Le rapport ajoute que chaque année depuis 2014, les «entités kurdes en partenariat avec les États-Unis» ont promis de mettre fin à l’utilisation d’enfants soldats, mais la pratique s’est néanmoins poursuivie.

En outre, le Conseil des droits de l’homme de l’ONU a publié de nouvelles conclusions dans un rapport du 16 janvier selon lequel des terroristes des YPG utilisaient des enfants soldats en Syrie.

Virginia Gamba, la représentante spéciale du secrétaire général de l’ONU sur les enfants dans les conflits armés, a rencontré un terroriste des YPG en juin 2019 à Genève et a signé un accord pour mettre fin au recrutement d’enfants soldats, une autre preuve des crimes de guerre et des crimes contre l’humanité du groupe terroriste. .

Aucune autre publication de l’ONU n’a depuis fait état du respect de cet accord, ni de la fin de la pratique.

Le PKK, qui est classé comme groupe terroriste par la Turquie, les États-Unis et l’Union européenne, mène une campagne terroriste contre la Turquie depuis plus de quatre décennies et est responsable de la mort de près de 40000 personnes, dont des femmes et des enfants.

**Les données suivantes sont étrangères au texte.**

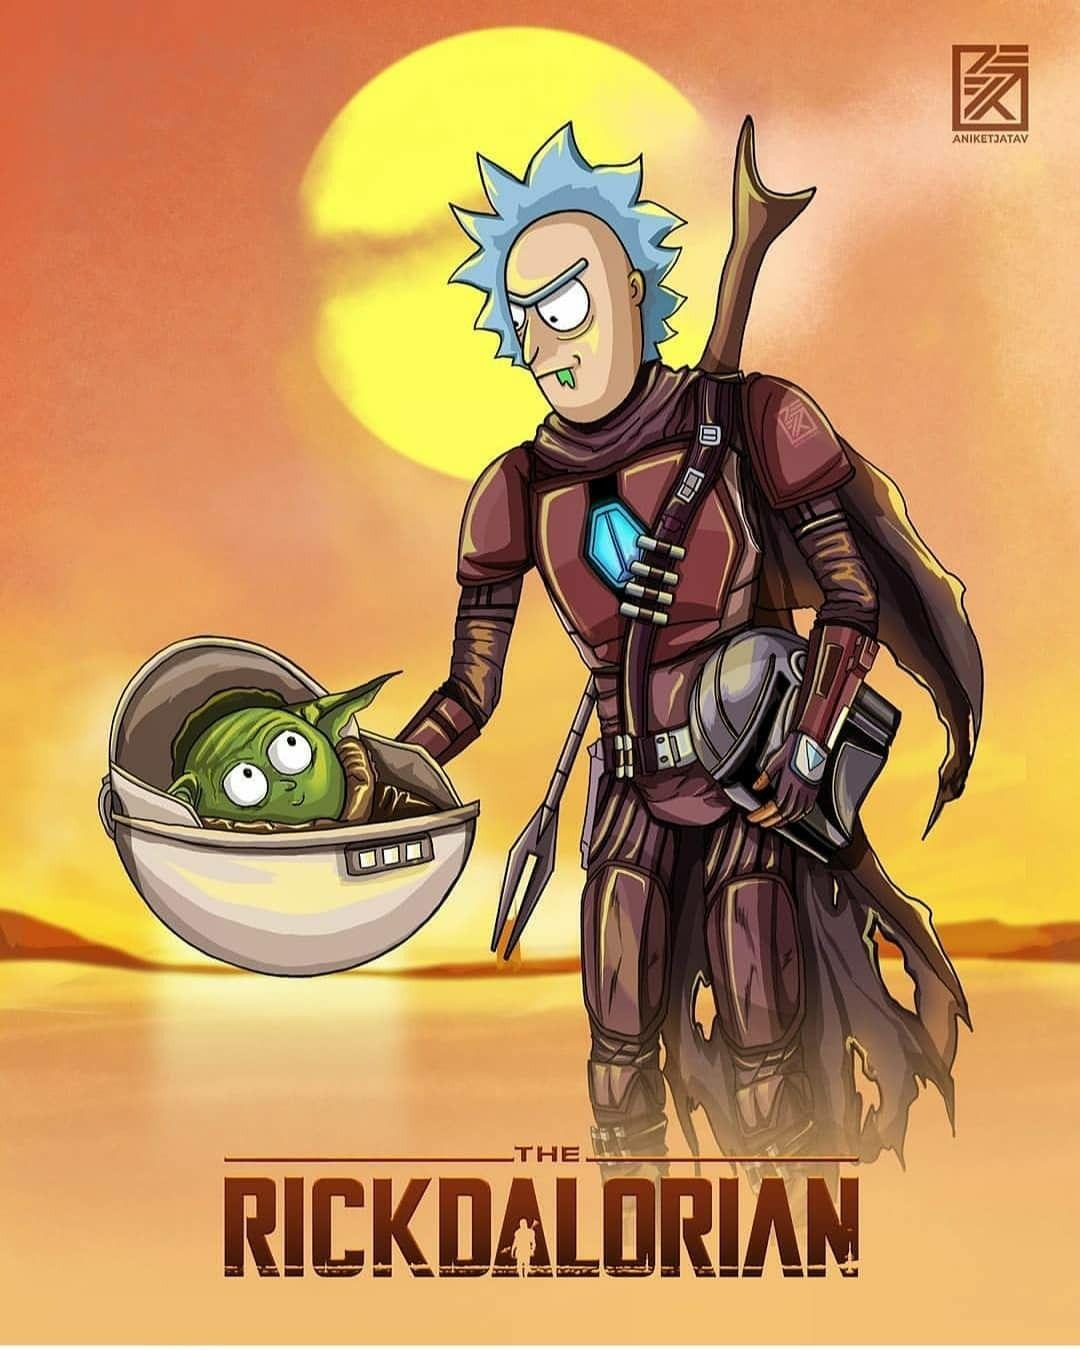 Pin By Konstantine Ratoshnuk On Rick And Morty Rick And Morty Poster Rick And Morty Crossover Rick And Morty Drawing

Le régime et l’économie chancelante ajoutent des souffrances

Outre la lutte contre les organisations terroristes et leurs mauvais traitements, la douleur des civils en Syrie est aggravée par la faiblesse de l’économie du pays sous le régime de Bashar Assad.

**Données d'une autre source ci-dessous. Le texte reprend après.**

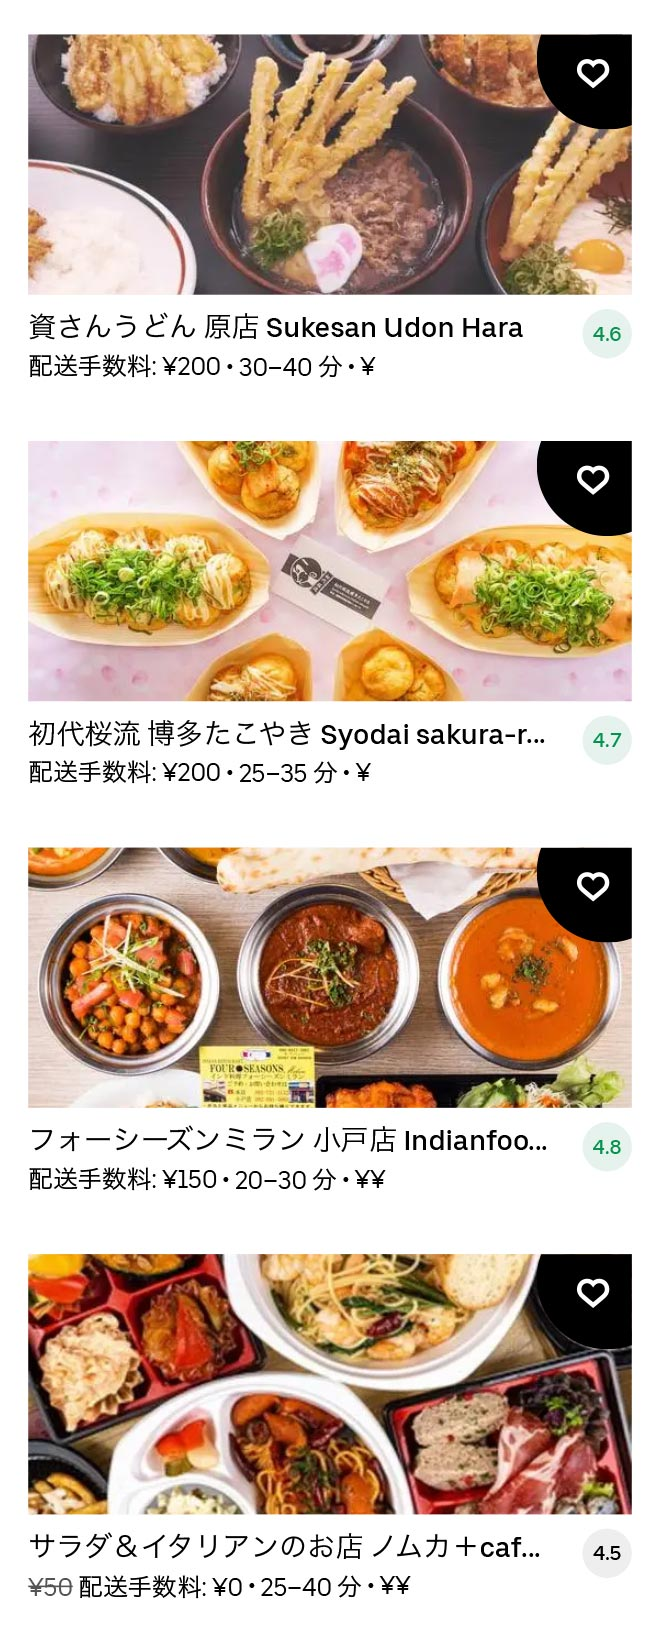 Meinohama menu 2101 08

La livre syrienne a connu une forte baisse et l’économie a été dévastée par près d’une décennie de guerre.

«Je suis impuissant», a déclaré Mohamad, qui élève 12 enfants orphelins avec les membres de sa propre famille, au Haut-Commissariat des Nations Unies pour les réfugiés (HCR).

Selon Mohamed, le pain qu’il achète pour les nourrir coûte 500 SYP (0,97 $) et c’est «une tâche quotidienne».

La semaine dernière, Assad a imputé les problèmes économiques de son pays déchiré par la guerre à une crise bancaire au Liban voisin. Dans des remarques diffusées à la télévision d’État syrienne, Assad a déclaré que la crise avait commencé plusieurs mois avant que les États-Unis n’adoptent le César Act en décembre.

Lundi, les États-Unis ont imposé davantage de sanctions aux responsables, entités et individus syriens qu’ils accusaient de fournir un soutien à Assad alors que Washington poursuivait ses efforts pour couper les fonds au gouvernement d’Assad.

L’action, qui visait également le ministère syrien du pétrole et des ressources minérales, vise à repousser le gouvernement d’Assad vers des négociations menées par l’ONU et à négocier la fin de la guerre presque décadelongue du pays.

La Syrie a fait l’objet de sanctions américaines et européennes qui ont gelé les avoirs de l’État et de centaines d’entreprises et de particuliers. Washington a déjà interdit les exportations vers la Syrie et les investissements américains, ainsi que les transactions impliquant des produits pétroliers et hydrocarbonés.